City reviewing broadcast of campaign event
J.D. Sumner
ALBANY, Ga. — City leaders will re-educate employees after a 911 dispatcher broadcast an event hosted by a local political campaign over the taxpayer-funded communications system last week.
Assistant City Manager Wes Smith said that an internal investigation was launched by the city after The Albany Herald shared a recording of a transmission by a 911 dispatcher over the public safety band in which she “advises all units” that a local political candidate was having an event and that police officers were invited.
“It shouldn’t have happened and we’ll be working to re-educate our employees, but we believe it was an accident,” Smith said.
According to Smith, a campaign official called the Albany Police Department to tell police officials about the event, which happened downtown July 6.

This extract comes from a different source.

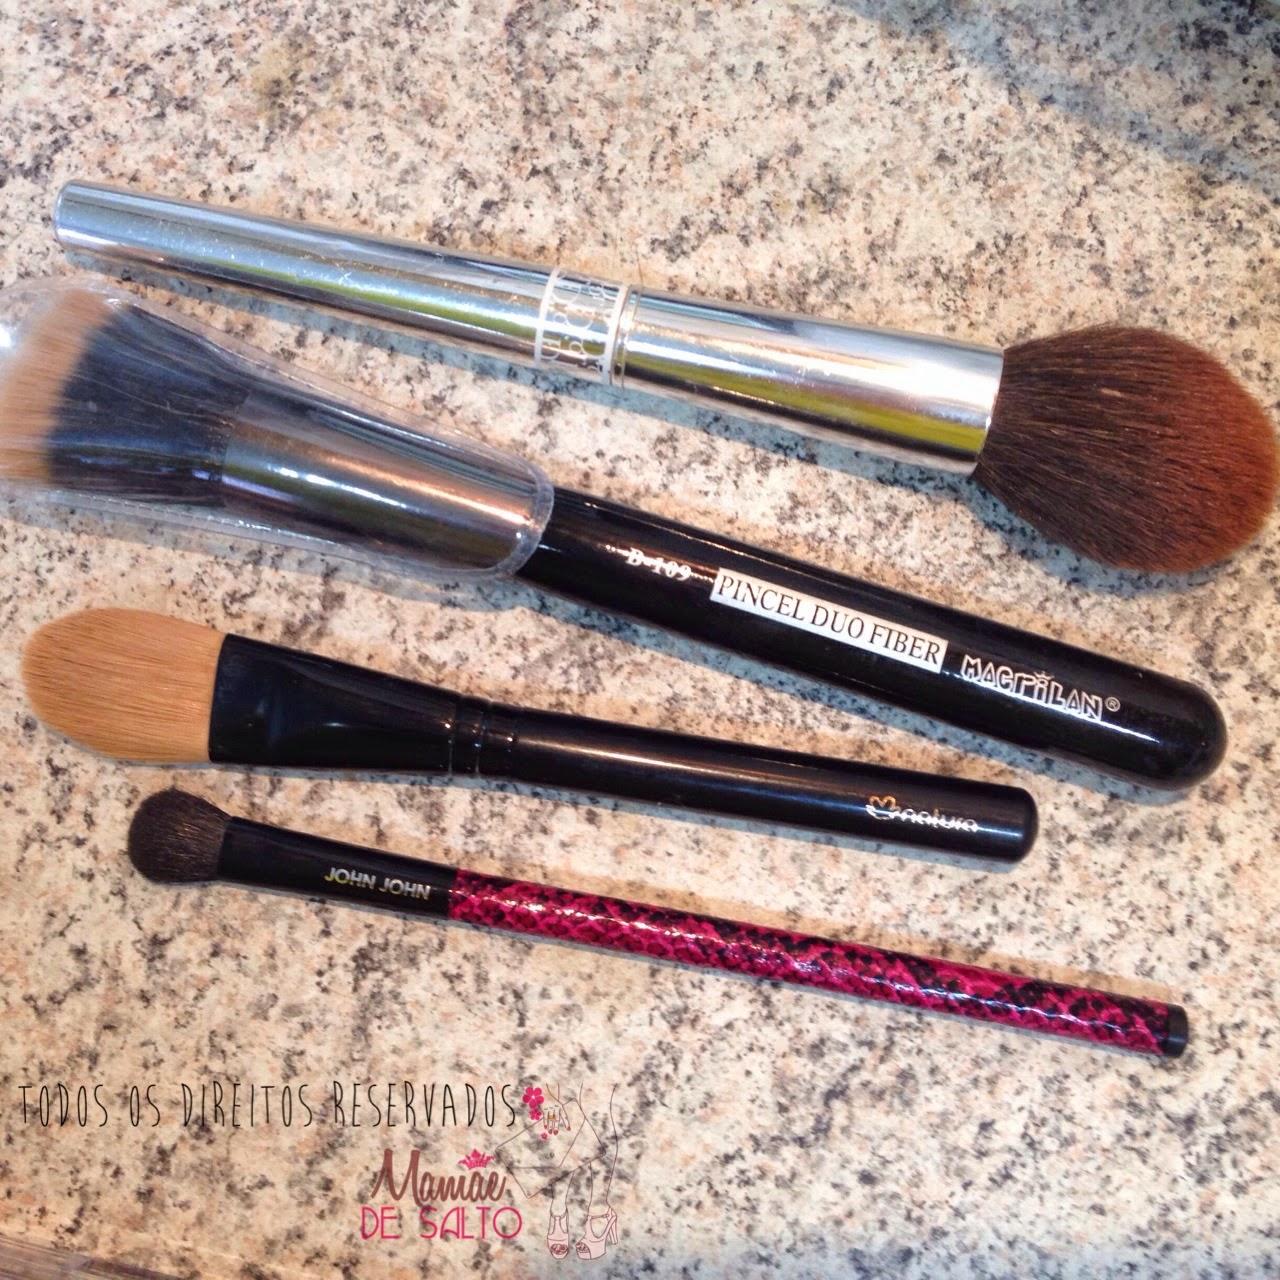 pincéis maquiagem básica da mamãe: dior, macrilan, natura, john john - todos os direitos reservados ao blog Mamãe de Salto

“We believe that the police officer who took the call passed the campaign official along to dispatch in an effort to spread the word that there was an event downtown that police needed to be aware of for possible crowd control or traffic issues,” Smith said.
The officer forwarded the campaign official’s call to a dispatcher who was then told by the campaign official that the event was open to the public and police officers were encouraged to attend.
As a general ethics rule, political campaigns are barred from using taxpayer-funded resources from advancing or promoting agendas, City Attorney Nathan Davis said.
“It’s not appropriate to use taxpayers assets,” City Attorney Nathan Davis said. “It’s fundamentally inconsistent with principals of fair play to use taxpayers assets in support of any political campaign.”
Once more, the incident went unreported to city officials and supervisors until The Herald received the recording of the broadcast via e-mail Monday and inquired about it.
“We should have caught it, and although we’re still investigating, it’s not something that we should be doing,” Smith said. “Something political went out over our services and that’s not OK. We don’t allow that on our emails, on our computers and other taxpayer-funded items.”